## EXERCISE DETAILS
After locating the line that holds "Giorgio Armani Acqua", repeat it and each following line exactly until the material ends, skipping pictures.

## DATASET EXTRACT
● ● ● ● ● ● ●
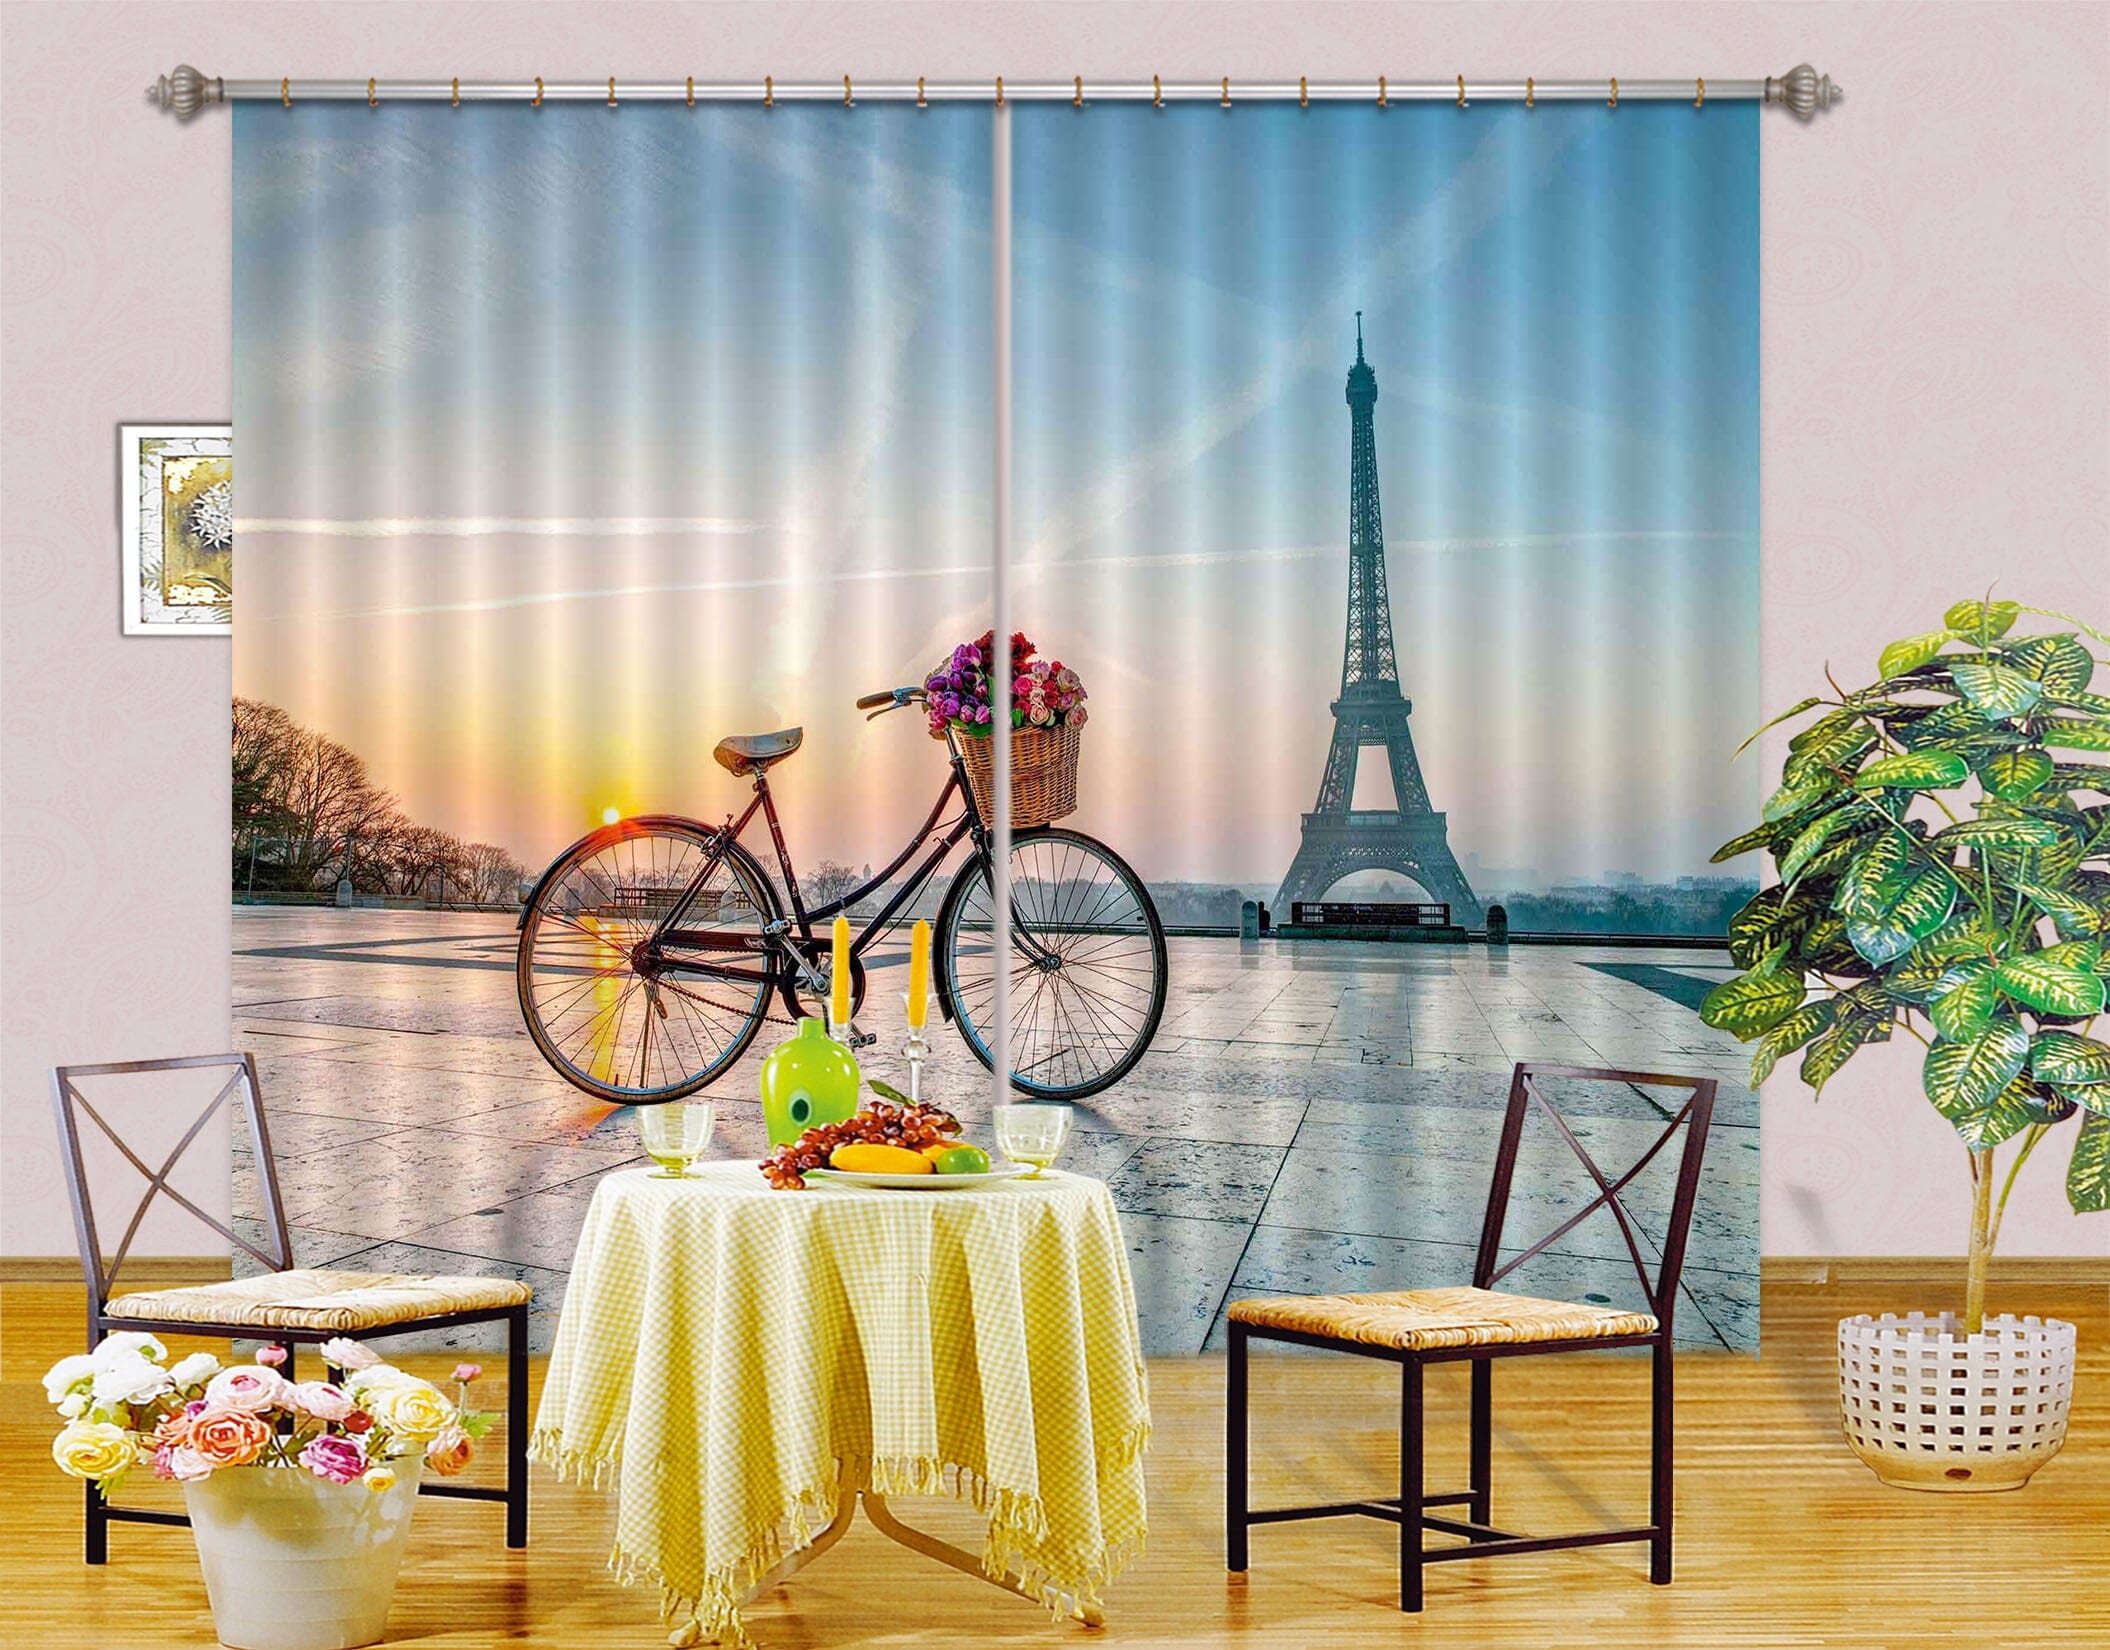 3D Eiffel Tower 004 Assaf Frank Curtain Curtains Drapes Curtains AJ Creativity Home 
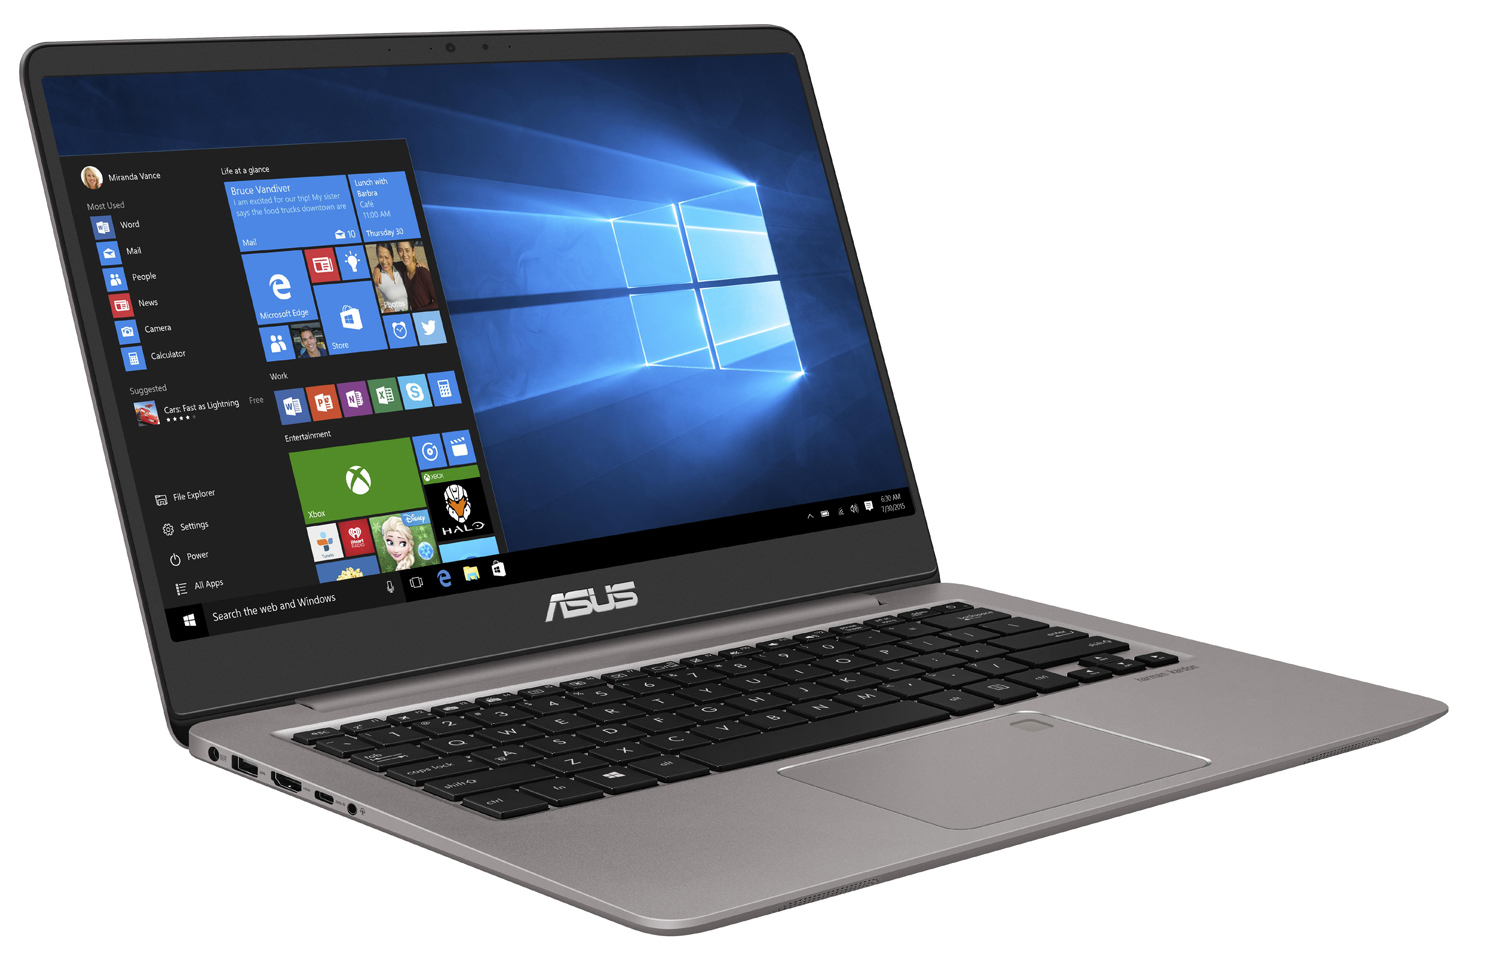 Asus ZenBook UX3410UQ (7500U, 940MX, Full HD) Laptop Review - NotebookCheck.net Reviews
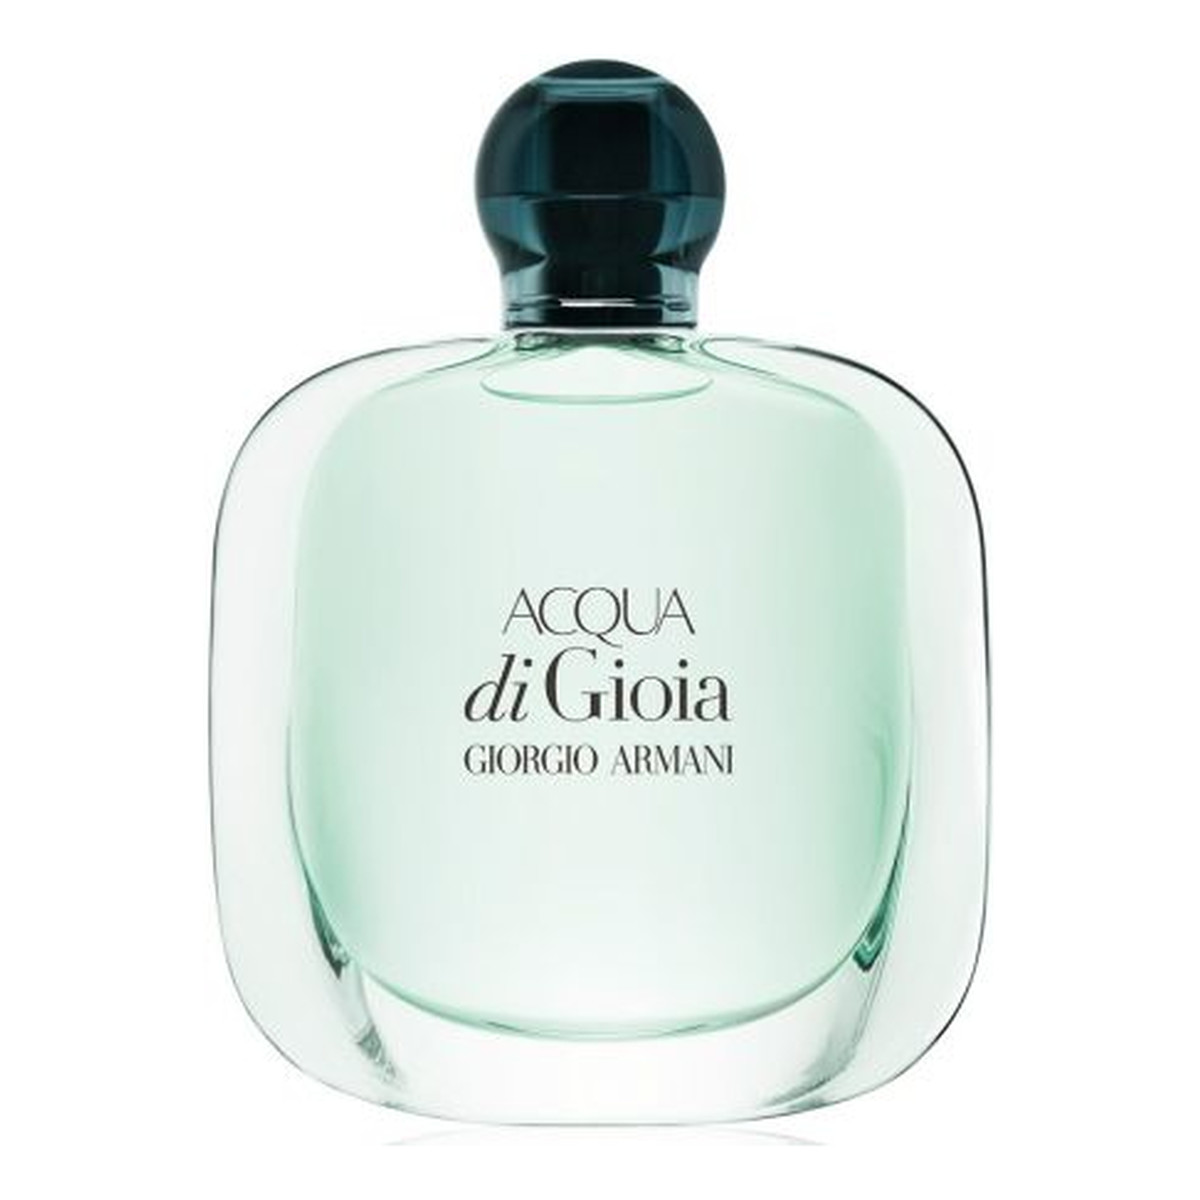 Giorgio Armani Acqua di Gioia Woda perfumowana TESTER 50ml
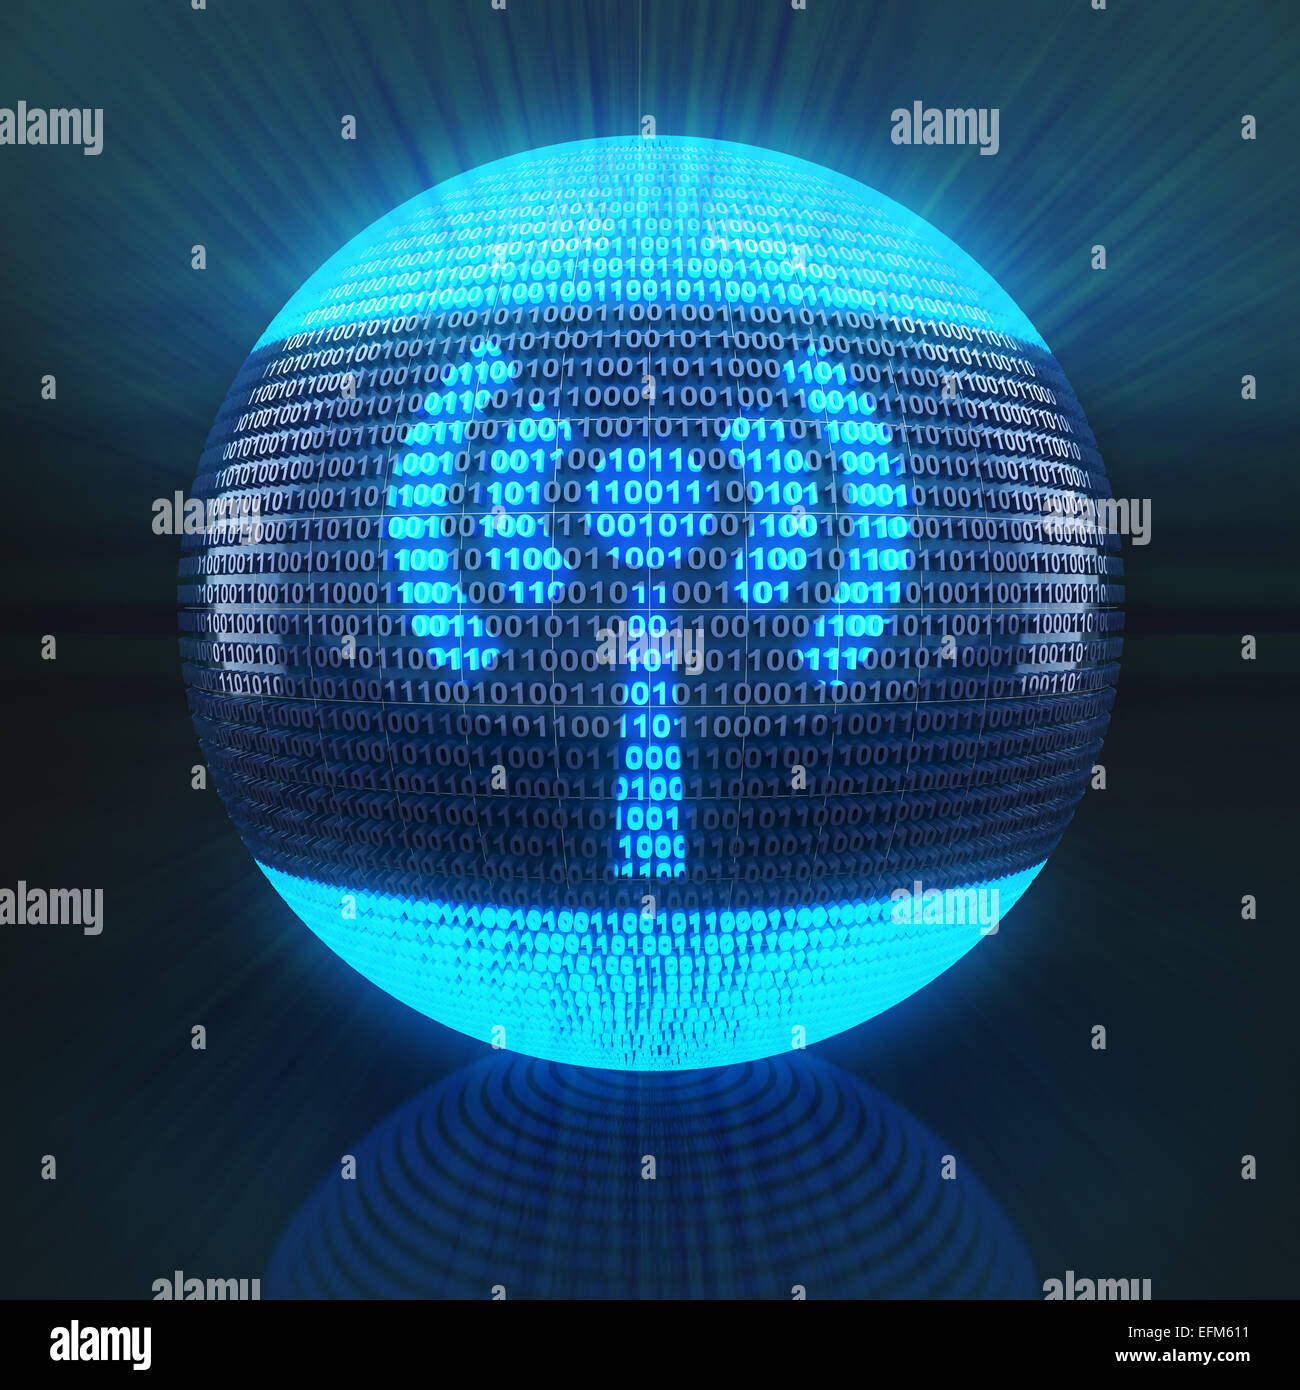 Wifi symbol on globe formed by binary code Stock Photo
● ● ● ● ● ● ●
## RESULT OF THE TASK
 Giorgio Armani Acqua di Gioia Woda perfumowana TESTER 50ml
 Wifi symbol on globe formed by binary code Stock Photo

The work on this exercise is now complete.